Finally, we also have observed a group of ScDlx2-expressing cells continuous with the subpallium in the marginal zone of the TPa region (arrows Figure 1F′). As discussed above, since Dlx and Otp expression are the result of different developmental processes we interpret that these cells migrate tangentially. Of note, at later stages and in an equivalent position, ScDlx2-expressing cells form a continuous string between the ScDlx2/5 expressing subpallium and the TSPa domain suggesting the existence of a telencephalic-hypothalamic stream (arrowheads in Figure 1I; see Figure 6B). Interestingly, Tripodi et al. (2004) and Shimogori et al. (2010) respectively detected COUP-TF-expressing and Foxg1-expressing cells likely emanating from the ventral telencephalon into the anterior hypothalamus. Furthermore, one of the migrating streams described by Tripodi et al. (2004) seems to course from the subpallium to the suprachiasmatic region (equivalent to the SPa) through the marginal anterior hypothalamus (equivalent to the Pa) resembling what we observed in the shark (see their Figure 6B). Thus, the existence of a tangential telencephalic-hypothalamic stream could be conserved among vertebrates similarly to other migrations that have been recently identified in the telencephalon of the shark (Quintana-Urzainqui et al., 2015).

Alternative Interpretations of the Alar Hypothalamus

In a previous work, we defined the HTB based on the complementary expression of ScOtp and ScFoxg1a and the HDB based on the complementary expression of ScOtp and ScTbr1 (see Santos-Durán et al., 2015). Here, we show that additional developmental control genes can also define these borders. The abutted expression of ScOtp in the hypothalamus with ScDlx2/5 in the subpallium and ScTbr1/ScLhx9 in the pallium outlines the HTB (Figures 5A,B). The HDB can be also sketched based on the expression of ScOtp in the hypothalamus abutting ScLhx9 or ScLhx5 in the alar p3 (Figures 5A,B). These results further support the genoarchitectonic subdivisions proposed by the prosomeric model.

However, an alternative interpretation of these data could yield different conclusions concerning the HTB, the HDB and the genoarchitectonic organization of the alar and rostral-most prosencephalon. Firstly, although the abutted expression of Foxg1/Otp is assumed to define the HTB, Foxg1 has also been described beyond the telencephalic stalk (Pratt et al., 2004; Affaticati et al., 2015; Santos-Durán et al., 2015) questioning its telencephalon-restricted identity and thus the existence of the HTB at this place. Besides, in Foxg1 null mutant mice the ventral, but not the dorsal, telencephalon is lost (Xuan et al., 1995; Martynoga et al., 2005), which suggests it is required for the development of the subpallium but maybe not for the whole telencephalon.
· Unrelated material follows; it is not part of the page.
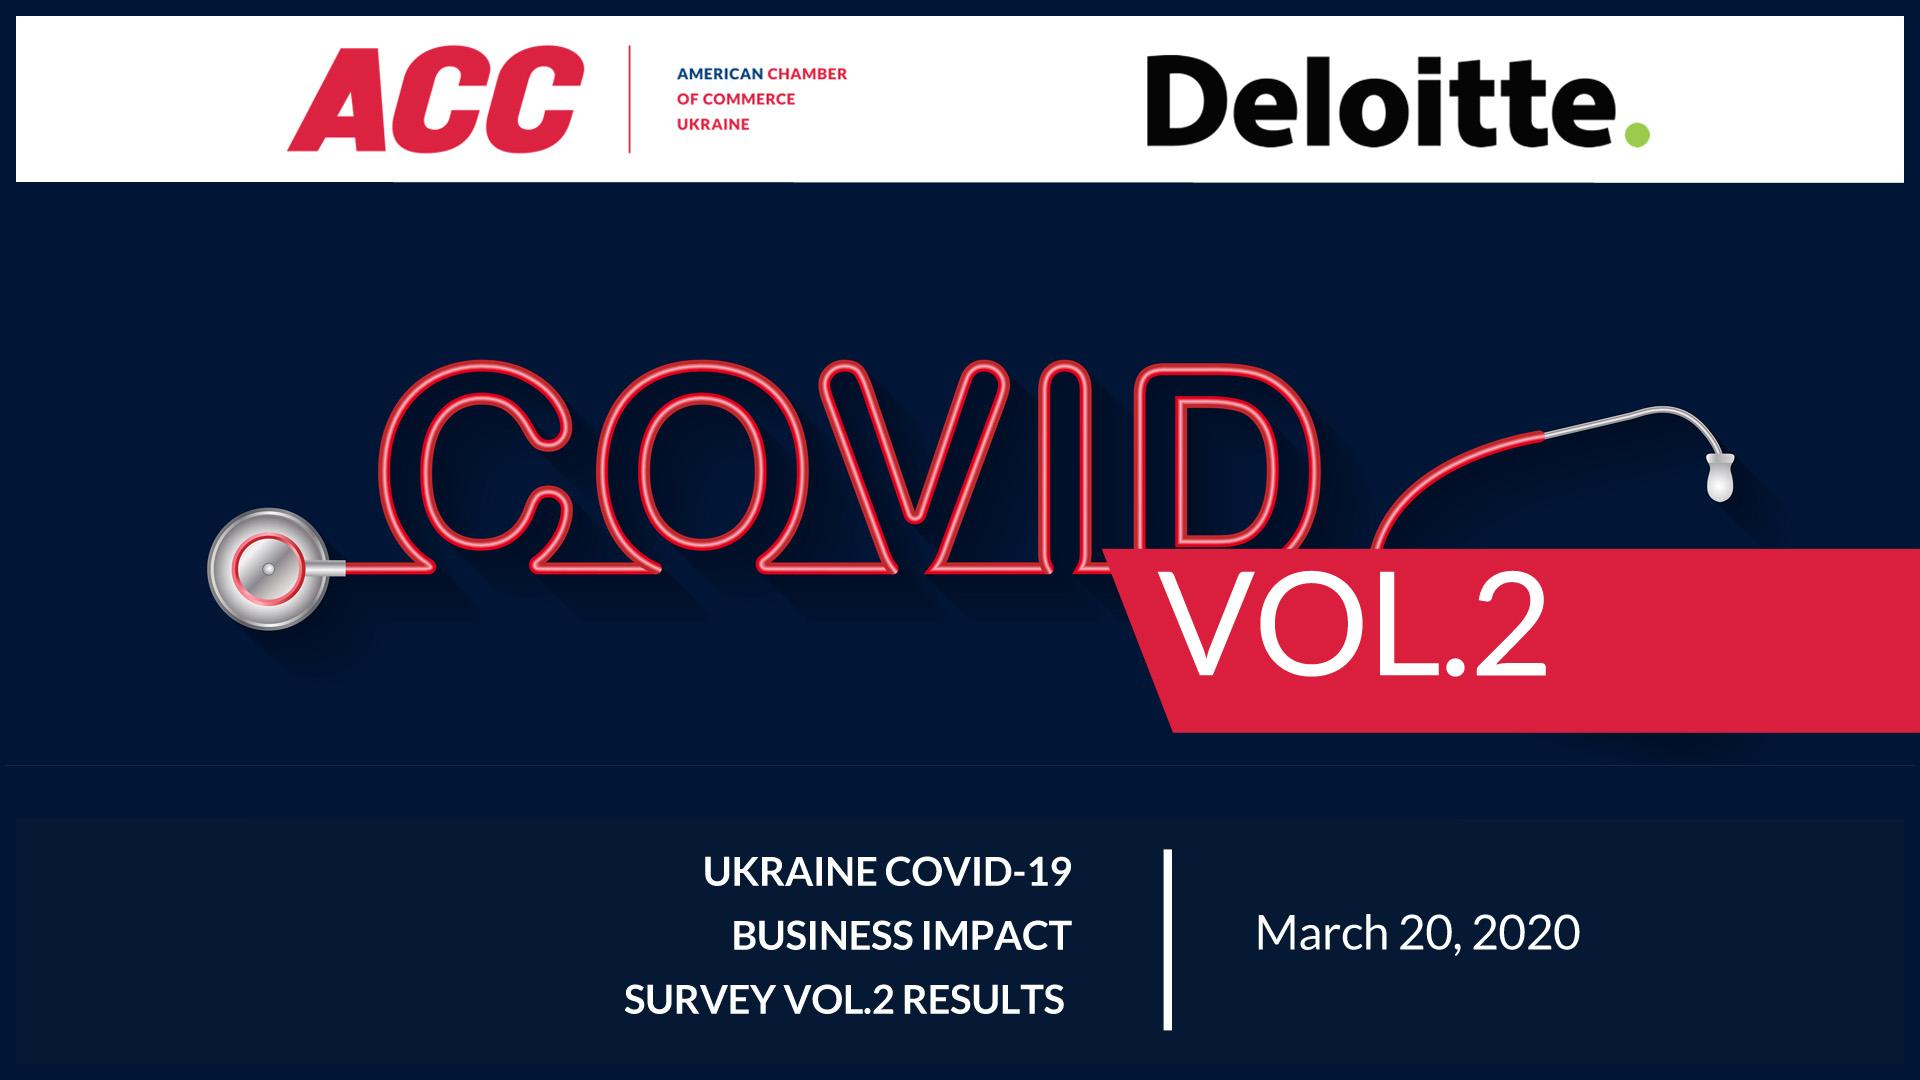 Ukraine COVID-19 Business Impact Survey Vol.2 Results

In this line of thought, the continuous ventricular expression of Pax6 and Neurog2 through the alar hypothalamus, pallium and rostral diencephalon (Figure 5A; see also Stoykova et al., 1996; Osório et al., 2010) also questions the expression of Foxg1 defining the HTB and also the HDB. Strikingly, the fact that in the updated prosomeric model neither the Pa nor the HTB reach the HDB at the roof plate (see Figure 8.5B in Puelles et al., 2012), implicitly supports a continuity between hypothalamus, pallium and rostral diencephalon.

Besides, having taken into account data from mouse lacking neural Shh (Szabó et al., 2009), the continuous expression of Lhx5 through the Pa-rostral diencephalon (PThE) and the continuous lack of Dlx2 through the SPa-rostral diencephalon (excepting PThE) suggest: (i) a continuum between the alar hypothalamus and the alar rostral diencephalon; (ii) a dorso-ventral organization of this territory into Pax6 (dorsal) and Dlx2 (ventral) domains; and (iii) the lack of the HDB.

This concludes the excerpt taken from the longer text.